De la même manière dans l’œuvre Muskotup de 2020, les touches picturales jouxtent les lettres d’un mot qui n’existe dans aucune langue mais se matérialise horizontalement et verticalement sous nos yeux par trois fois, et s’impose en modifiant le positionnement des signes formels qui le contournent. Ce contournement affirme la surface au détriment d’une profondeur illusoire qui jouerait de superpositions.

Des couleurs claires, rose, violet, orange, vert tendre, bleu ciel, turquoise…en larges coups de pinceaux sur la toile de jute ou de coton non apprêtée, des lignes, des touches, des taches, des étendues, des chiffres, organisent cette surface de façon sensible. Pas ou peu de noir, réservé aux dessins sur papier. La luminosité des teintes, la manière d’appliquer la peinture, renvoient de prime abord à l’enfance, aux crayons de couleurs ou aux feutres, aux premiers tracés qui ne sont pas ceux de la Préhistoire mais ceux éternellement recommencés de l’âge tendre. Et pourtant la peinture est savante, mesurée. Tout entière concentrée dans la recherche d’un équilibre fragile ou d’un déséquilibre tenu. Il n’y a rien de primitif ou de sauvage dans cette insistante recherche de simplicité et de grâce.

Les motifs sont a priori abstraits mais se prêtent aux évocations et trahissent les parentés.
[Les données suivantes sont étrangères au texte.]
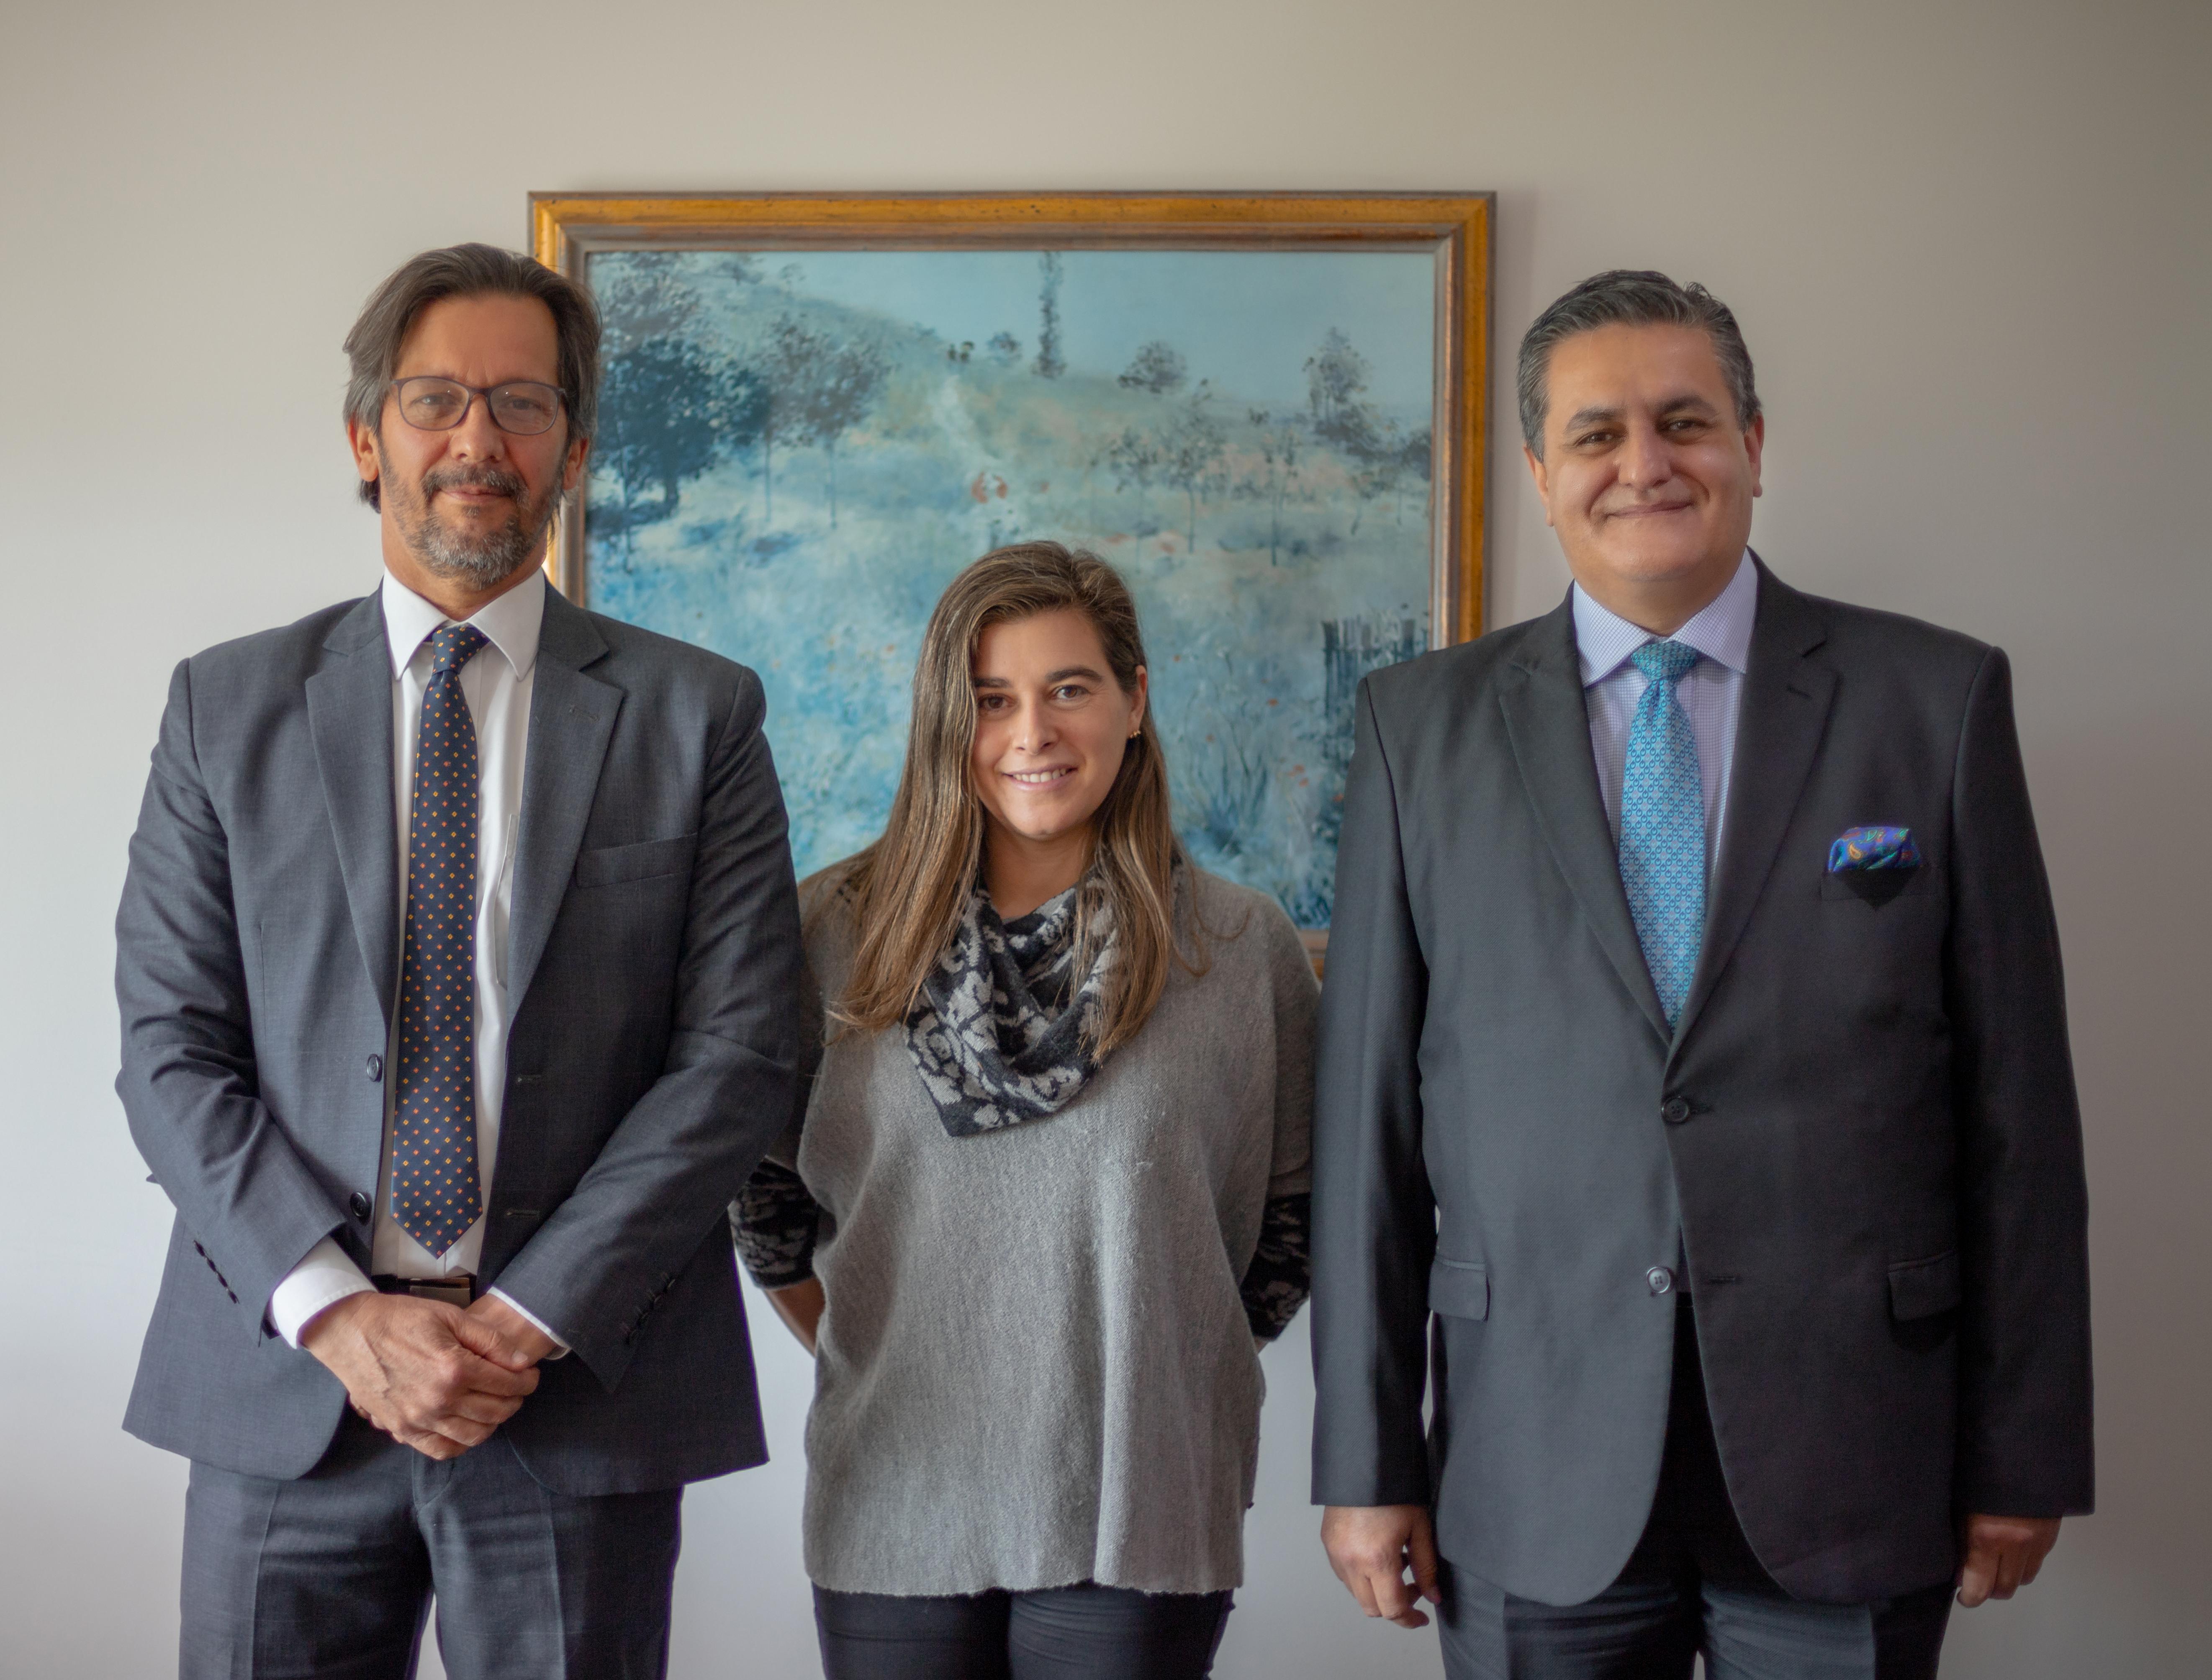 De izquierda a derecha: Dr. Alberto carvajalino Slaghekke, Dra. Adriana Arango Rueda, Dr. Herhán Olano Garcia.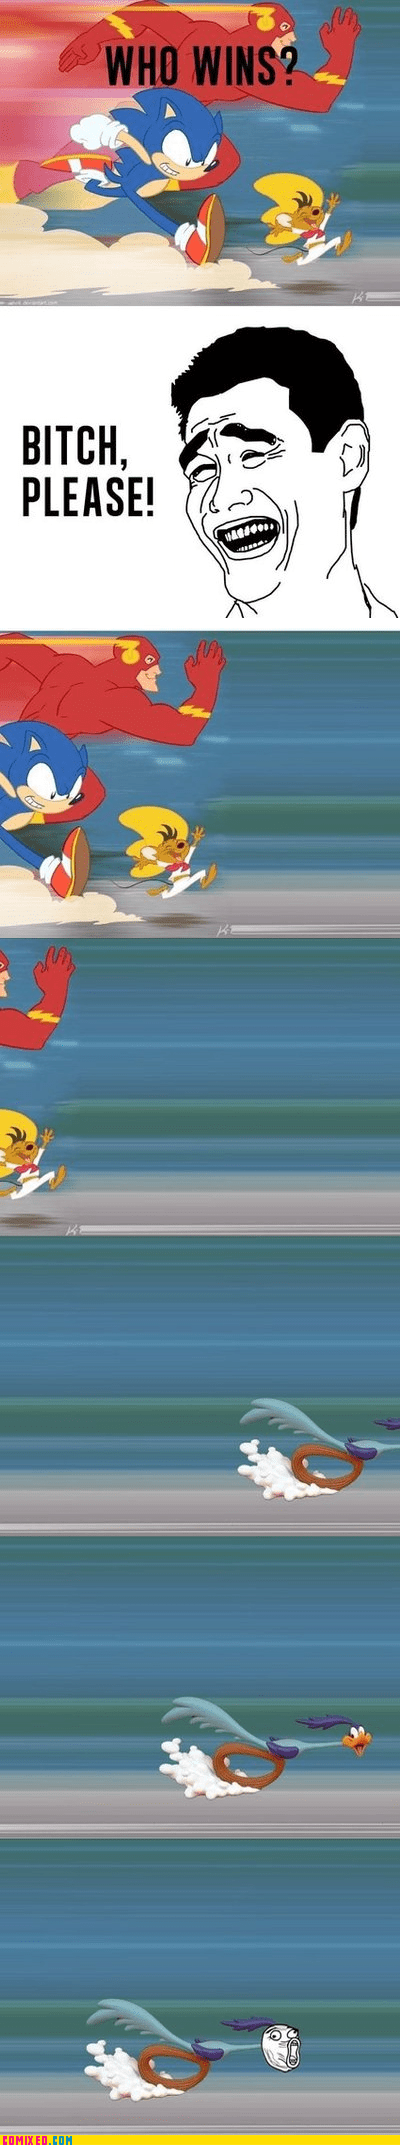 cartoons flash roadrunner sonic speedy gonzales

Une ligne serpentine bleue rappelle la Vague de Matisse, une autre celle d’Hokusaï, une autre encore un volcan, des pointillés un soleil orphique… Formes organiques ou géométriques mais toujours intuitives, sans rigidité aucune. Pas d’affirmation impérative ou doctrinale. Les surfaces/plans n’ont là rien d’absolu.

Il émane de ce travail comme une joie intérieure. Beaucoup de sensualité aussi.

La présence du support est manifeste par sa résistance ou sa capacité d’absorption, par la façon dont il boit la couleur ou dont elle accroche sa texture. L’absence d’apprêt place en contact la toile et la matière picturale, sans transition. La rencontre est directe et pourtant – peut-être pour cette raison même – il y a quelque chose qui flotte dans le rapport du signe peint à la surface qui le reçoit. Ce flottement permet aux formes de s’affranchir. Elles existent en tant que telles sur le support qui n’est pas un fond, un ciel, un sol, un espace illusoire, mais bien le tissu qui ne leur oppose que sa vérité même : sa teinte naturelle, sa trame, ses plis. Le pliage, qui facilite le stockage de ces toiles non tendues, offre une grille non exploitée par le motif. Le support reste support, jusque dans son rapport avec la paroi. Il n’y a pas d’ambigüité. Dans l’œuvre Undici segni de 1999, l’accrochage des trois grandes toiles laisse entre elles l’espace blanc du mur. Sa matérialité témoigne de la réalité concrète du jute autant que de l’autonomie du motif peint. La rupture ne modifie en rien le déroulé des signes qui se poursuit d’une toile à l’autre.

Les tracés ne sont jamais très éloignés des gestes qui les dessinent. Ils en disent l’amplitude, l’ouverture du bras, la largeur du pinceau, le déplacement du corps pour prolonger le mouvement sans lever la main lorsque la ligne balaie la surface. Ils donnent l’impression d’un geste déterminé et retenu à la fois. Le frémissement des lignes et le déploiement des trajectoires laissé suspendu en cours de traversée, produisent une sensation d’inachèvement contrôlé. Un simple ajout pourrait faire basculer l’ensemble

Il y a quelque chose d’Apollinien et de solaire dans le travail de Giorgio Griffa, un hédonisme assumé. Rien de stratégique, de démonstratif ou d’insistant, peindre est ici l’expression d’un homme qui dépose consciemment une trace de son passage. Son travail s’impose par la douceur. Il tire de là sa force autant que sa légitimité face à une production artistique dominée depuis plus d’un siècle par la recherche des limites et de leur dépassement.

Il nous parle de la vulnérabilité et de son désir de beauté, de sa sensibilité qui affleure sans jamais déborder.

 

[1] « Certes les moyens idéels ne sont pas dépourvus de matière, sinon on ne pourrait pas « écrire ». Quand j’écris le mot vin avec de l’encre celle-ci ne tient pas le rôle principal mais permet la fixation durable de l’idée de vin. L’encre contribue ainsi à nous assurer du vin en permanence. Ecrire et dessiner sont identiques en leur fond » Paul Klee, « Philosophie de la création », Théorie de l’art moderne, [1964], trad. de P.H. Gonthier, Denoël, 1985, p. 58.